The Silent Scandal: Promoting Teen Sex


With millions of dollars in sex-education programs at stake, it is not surprising that the groups that have previously dominated the arena have taken action to block the growing movement to abstinence-only education. Such organizations, including the Sexuality Information and education Council of the United States (SEICUS), Planned Parenthood, and the National Abortion and Reproductive Rights Action League (NARAL), have been prime supporters of "safe-sex" programs for youth, which entail guidance on the use of condoms and other means of contraception while giving a condescending nod to abstinence. Clearly, the caveat that says "and if you do engage in sex, this is how you should do it" substantially weakens an admonition against early non-marital sexual activity.
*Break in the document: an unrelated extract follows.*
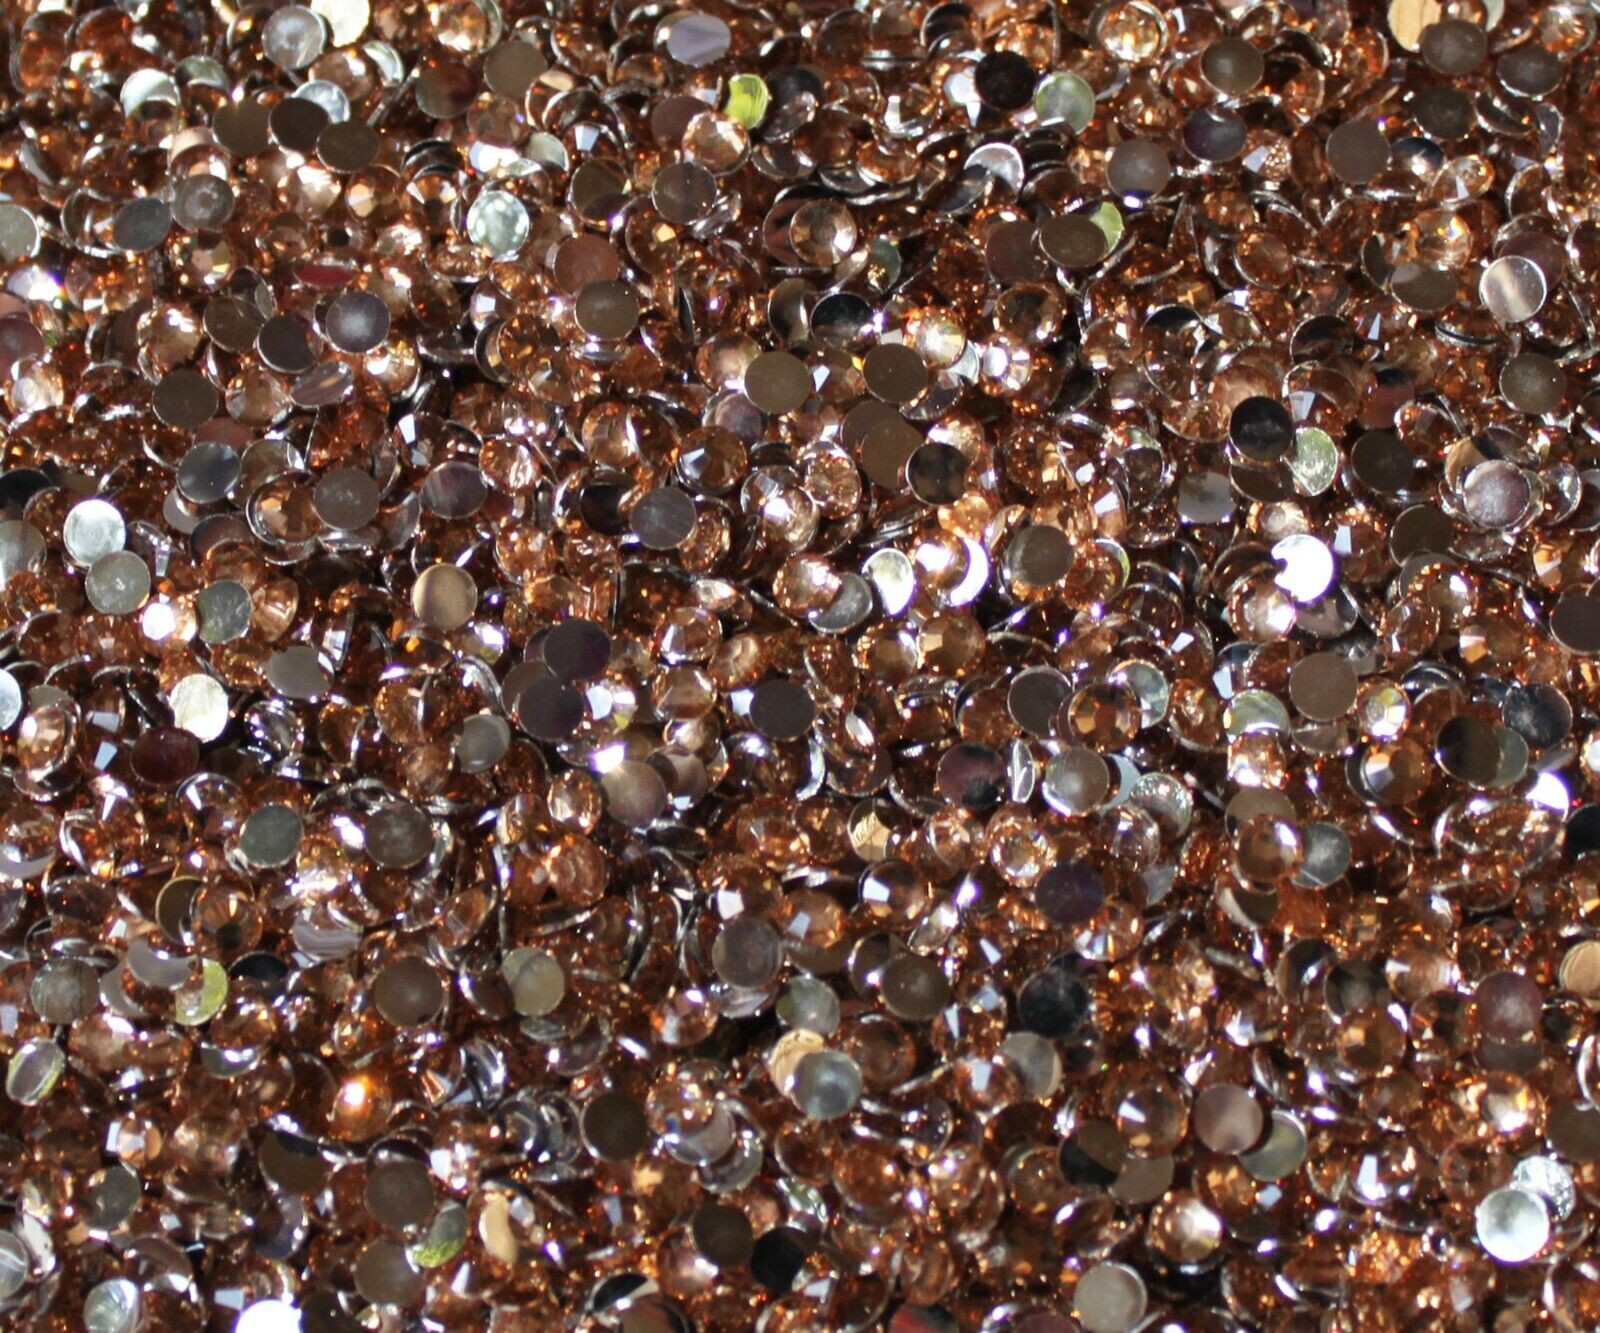 1000 Crystal Flat Back Resin Rhinestones Gems 60 colors, 2mm, 3mm, 4mm, 5mm, 6.5 CHAMPAGNE
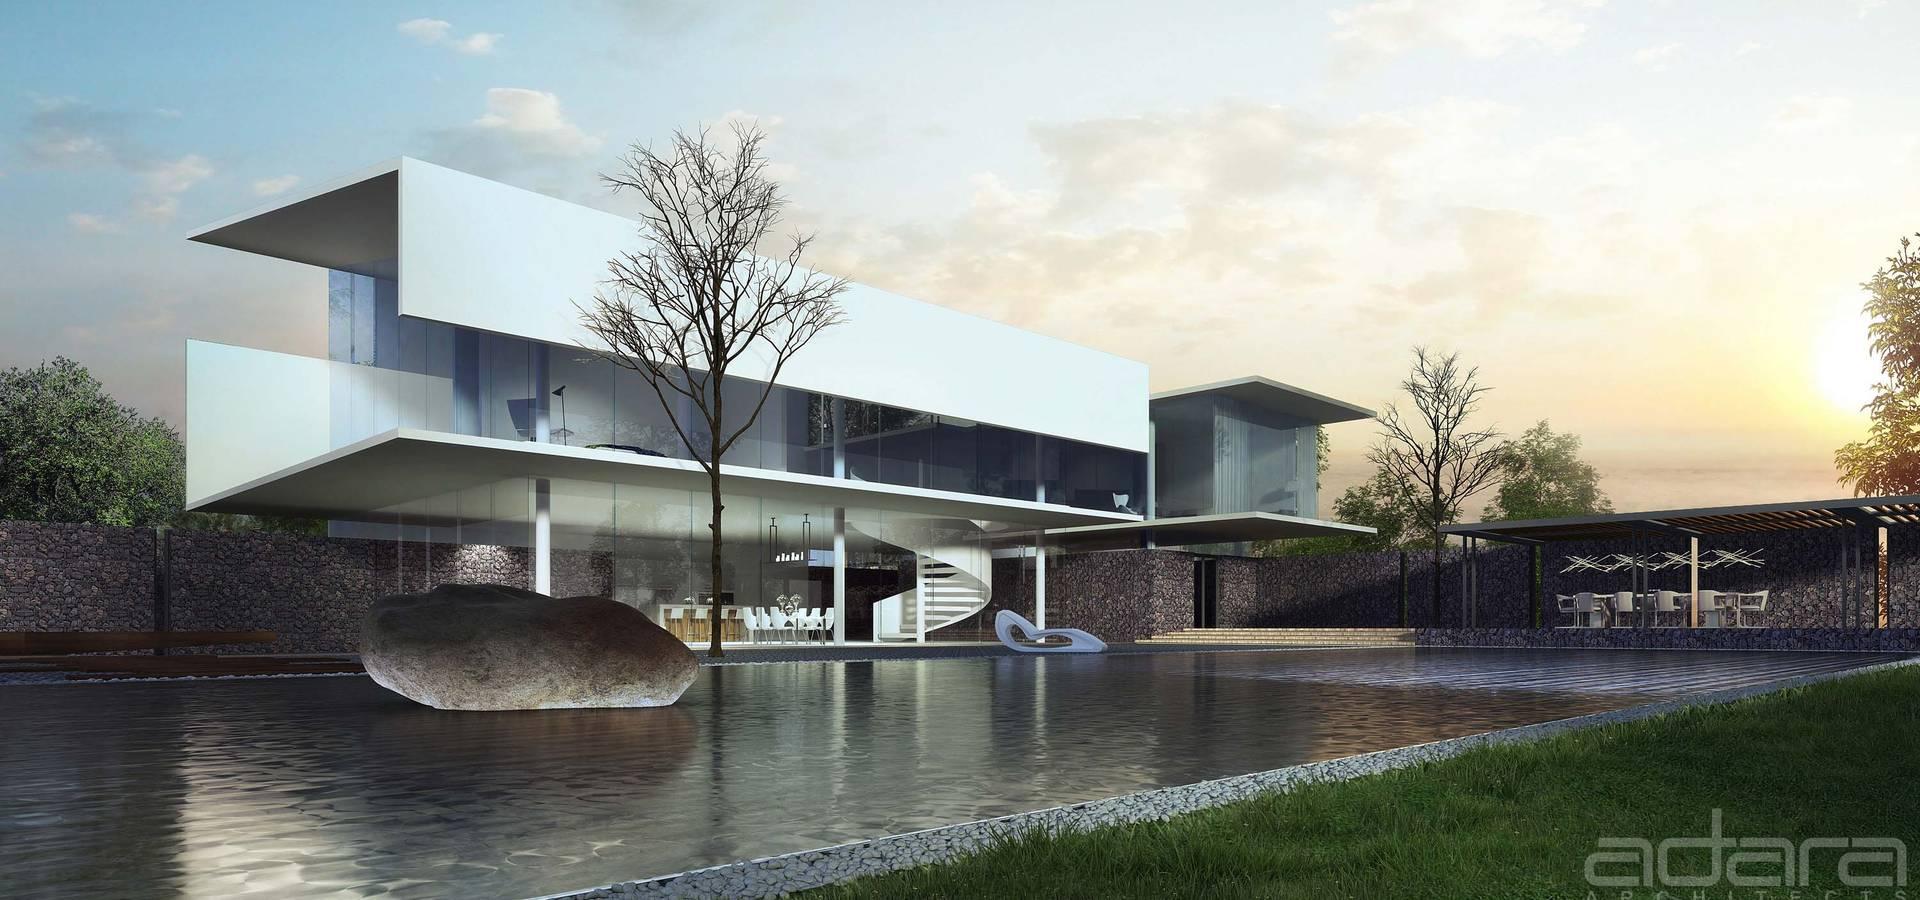 Adara Architects

Not only do such programs, by their very nature, minimize the abstinence component of sex education, but many of these programs also implicitly encourage sexual activity among the youths they teach. Guidelines developed by SEICUS, for example, include teaching children aged five through eight about masturbation and teaching youths aged 9 through 12 about alternative sexual activities such as mutual masturbation, "outercourse," and oral sex.[16] In addition, the SEICUS guidelines suggest informing youths aged 16 through 18 that sexual activity can include bathing or showering together as well as oral, vaginal, or anal intercourse, and that they can use erotic photographs, movies, or literature to enhance their sexual fantasies when alone or with a partner. Not only do such activities carry their own risks for youth, but they are also likely to increase the incidence of sexual intercourse.

In recent years, parental support for real abstinence education has grown. Because of this, many traditional safe-sex programs now take to calling themselves "abstinence plus" or "abstinence-based" education. In reality, there is little abstinence training in "abstinence-based" education. Instead, these programs are thinly disguised efforts to promote condom use. The actual content of most "abstinence plus" curricula would be alarming to most parents. For example, such programs typically have condom use exercises in which middle school students practice unrolling condoms on cucumbers or dildoes.[17]